How to Do Differential Item Functioning (DIF) Studies Using Item Response Theory
A powerful methodology for identifying biased items is the “differential item functioning,” or DIF, study. When items function differently for different populations, it is referred to as DIF. DIF is a necessary but not sufficient condition for item bias. The results of DIF studies can be followed by investigations into the sources of, and the elimination of, item bias.
Item Response Theory (IRT) is an extension of classical measurement theory, and a fundamental IRT concept, the “Item Characteristic Curve” (ICC), can be used to define two forms of DIF: uniform and non-uniform. IRT methods can also be used to detect DIF in dichotomously scored items. An alternate approach using logistic regression can be used to identify DIF in both dichotomous and polytomously scored items.
This workshop will provide participants with the knowledge necessary to use both IRT and logistic regression to conduct DIF studies. First, the IRT concept of the ICC will be presented and used to define “uniform” and “non-uniform” DIF. The use of IRT methods, using MULTILOG, for identifying items that exhibit DIF will be introduced. Participants will be given a step-by-step procedure for using MULTILOG to fit two-parameter logistic ICCs to item scores and the use of two methods for identifying DIF: comparing ICC parameters, and computing the area between ICCs, for different populations. This procedure will be modeled for participants by showing its use, from beginning to end, to analyze item scores from dichotomous items on the Geriatric Depression Scale (GDS).

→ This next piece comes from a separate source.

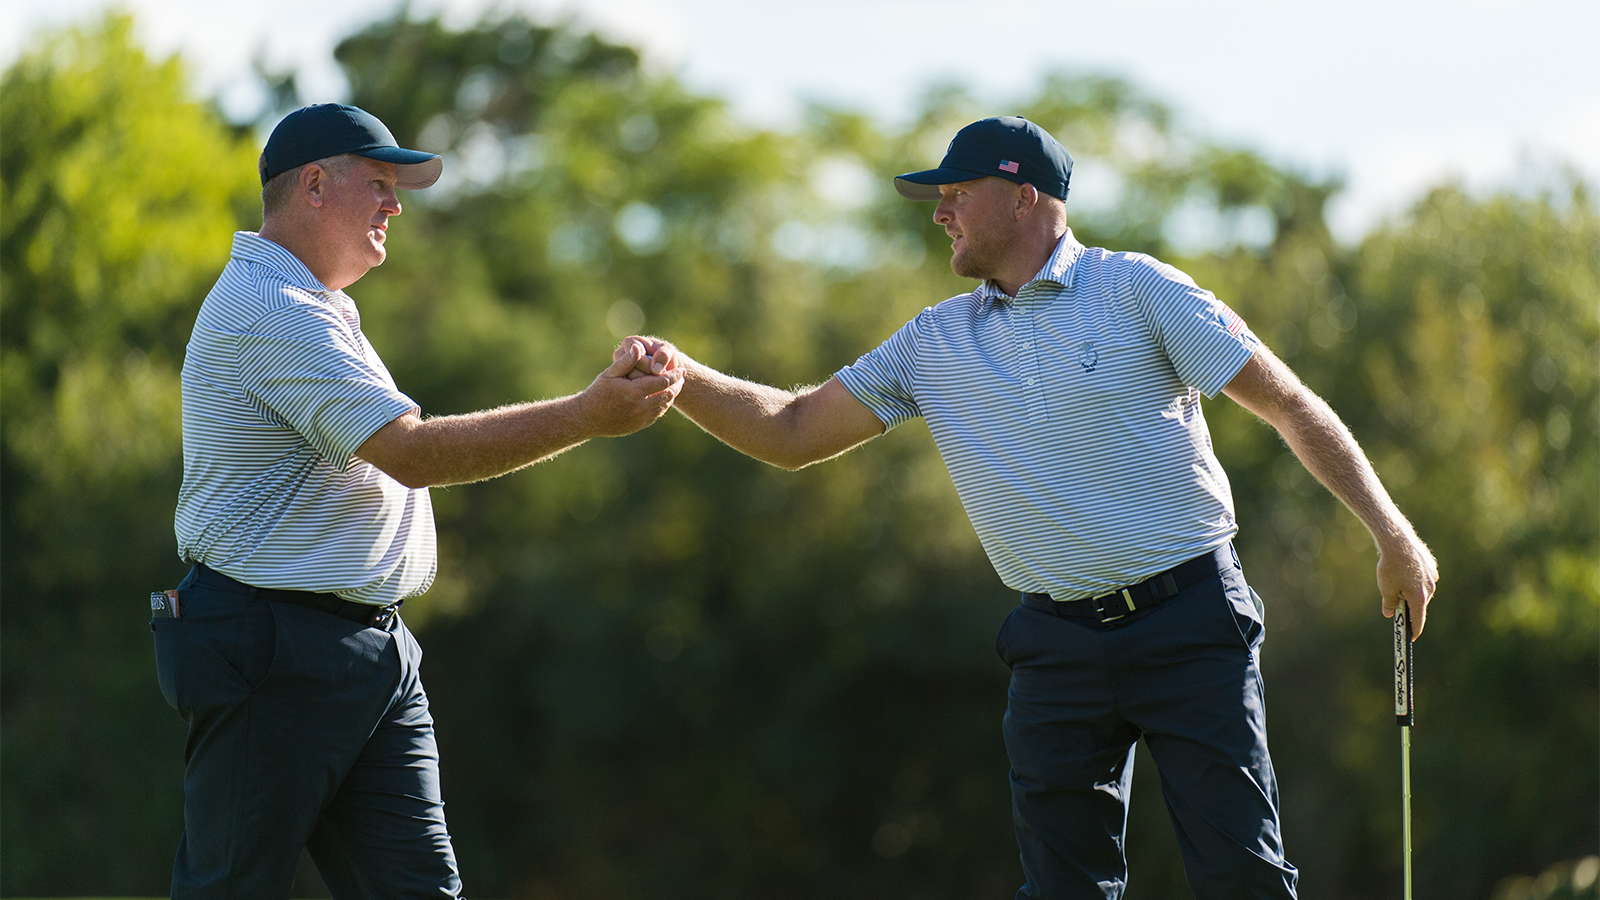 Bob Sowards of the United States and Ryan Vermeer of the United States shake hands on the 13th hole during the Afternoon Foursomes for the 29th PGA Cup held at the Omni Barton Creek Resort & Spa on September 27, 2019 in Austin, Texas. (Photo by Hailey Garrett/PGA of America)
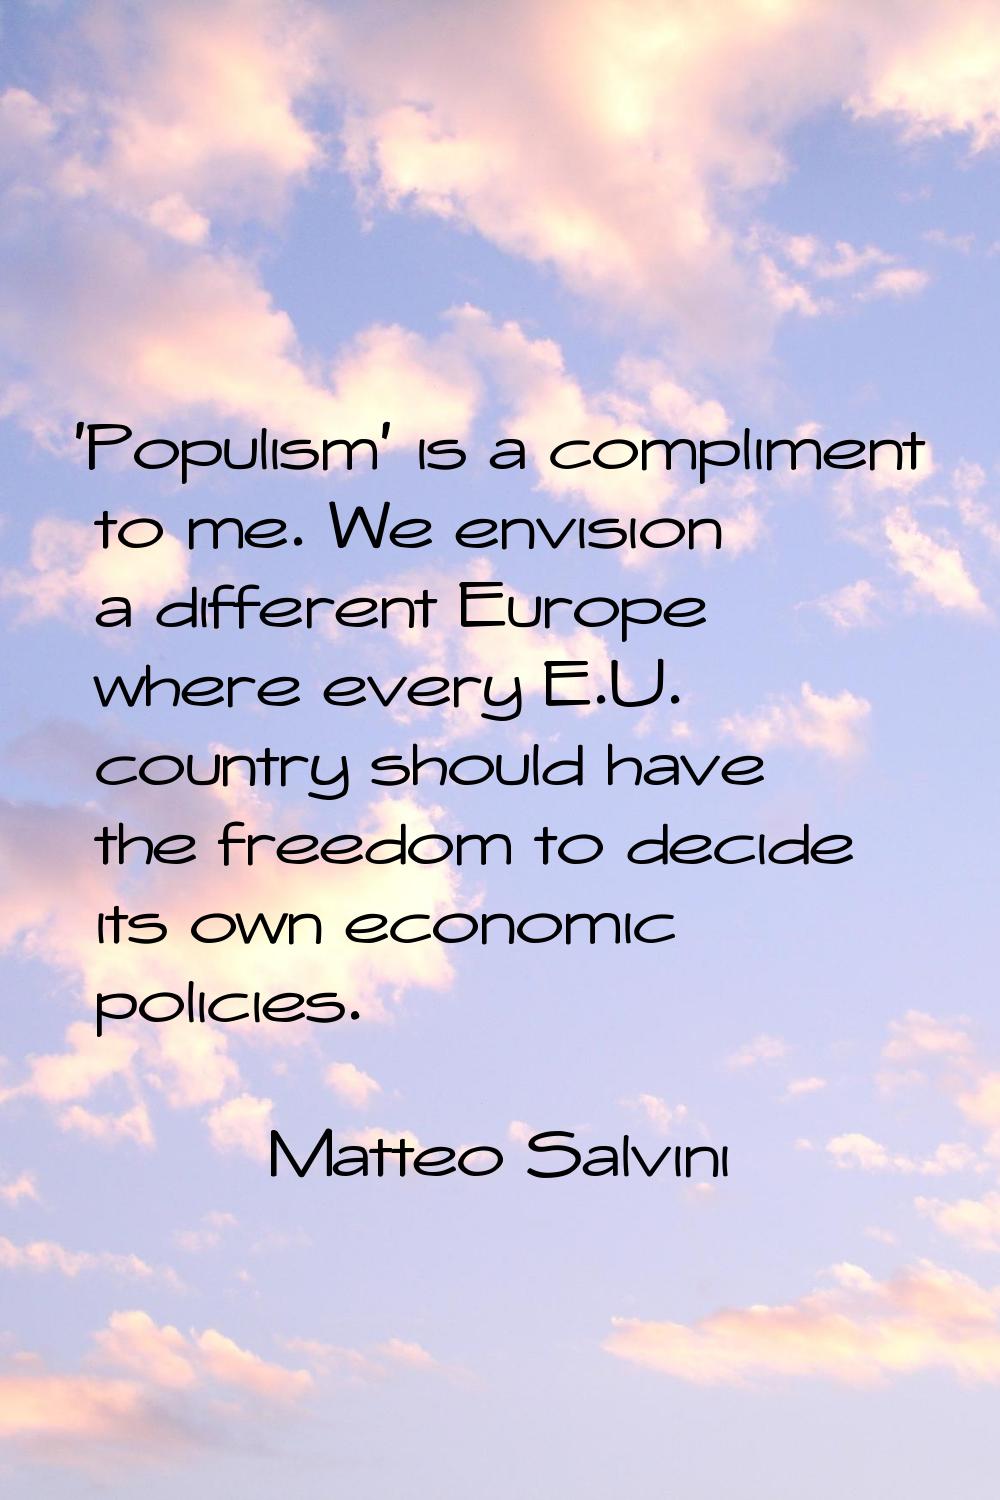 'Populism' is a compliment to me. We envision a different Europe where every E.U. country should ha

Participants will next be shown, in the same pedagogic manner, how to use binary logistic regression in SPSS to identify uniform and non-uniform DIF in scores from GDS items, and how to use the results of these analyses to plot ICCs for items exhibiting DIF. Participants will also be shown how to use ordinal logistic regression to test for uniform and non-uniform DIF in the responses to polytomously scored items. This approach will be demonstrated using scores from the depression subscale on Hudson’s MPSI.
Participants will learn how to follow-up the identification of items exhibiting DIF with research to identify whether bias exists in the item, the sources of the bias, and what can be done to eliminate the bias. Participants can expect to leave this workshop with a basic understanding of the conceptualization of DIF using ICCs; beginning skills in the use of IRT and logistic regression for conducting DIF studies; and the ability to use results from DIF analyses for developing measures for use in social work research and practice that are unbiased, and culturally and population sensitive.